■ **Dataset excerpt**
○ ○ ○ ○
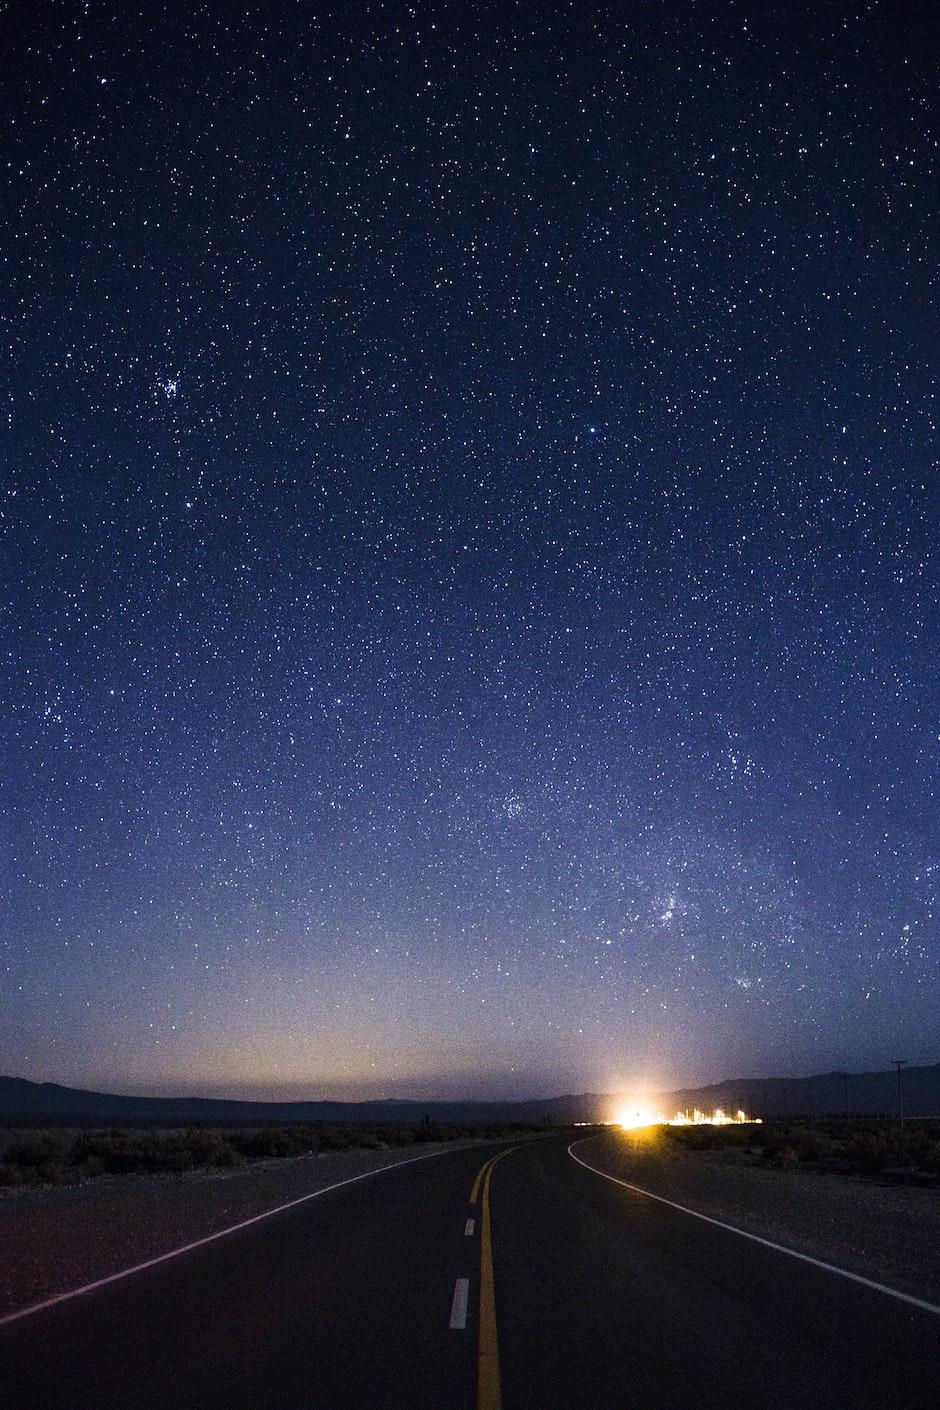 astronomy, clouds, dark
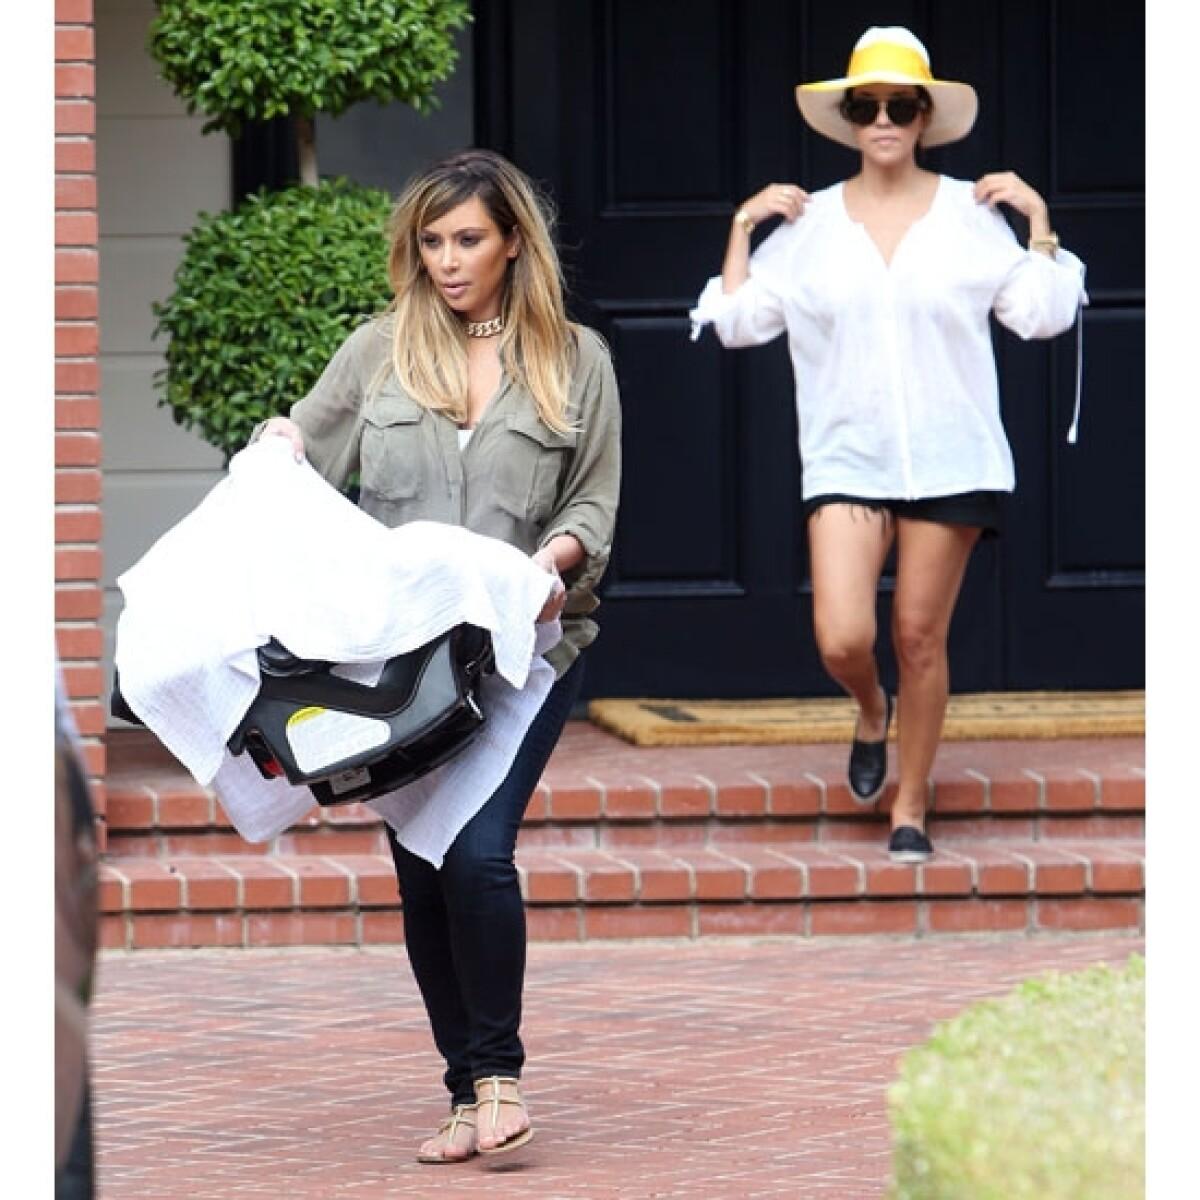 Así es, Kim Kardashian ahora es rubia
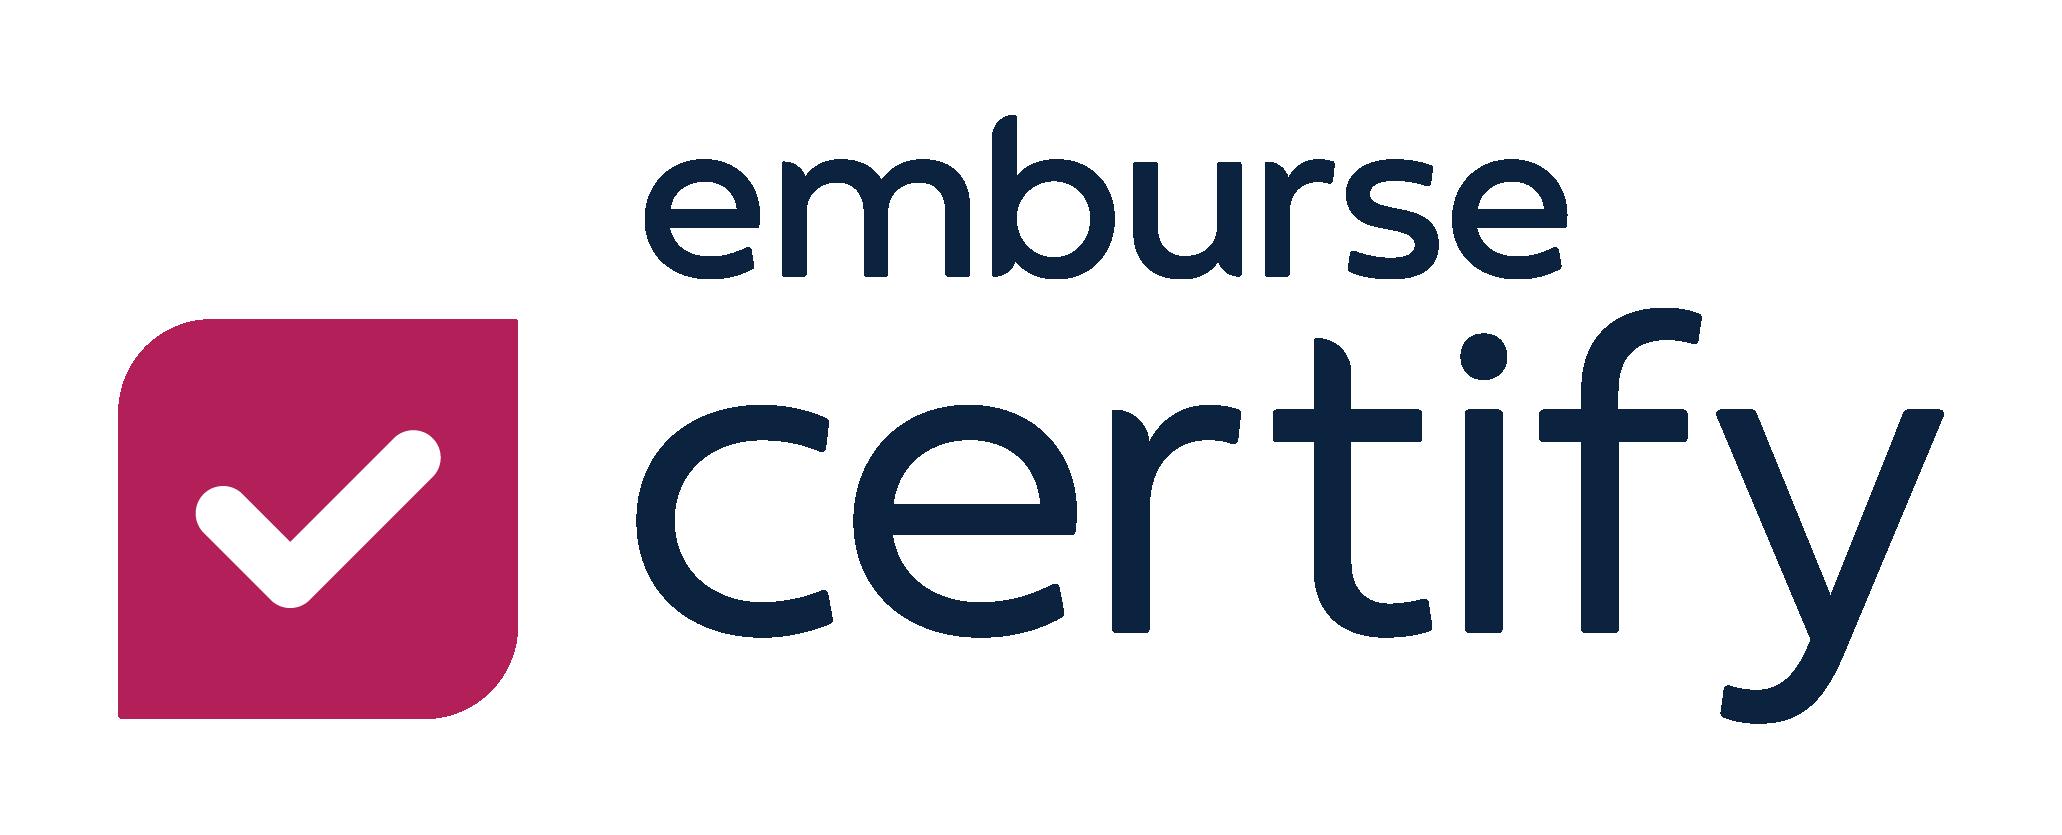 Emburse Certify
○ ○ ○ ○
■ **How to complete this task**
Write out the data in full and exactly as given, though without the images.

■ **Answer below**
 astronomy, clouds, dark
 Así es, Kim Kardashian ahora es rubia
 Emburse Certify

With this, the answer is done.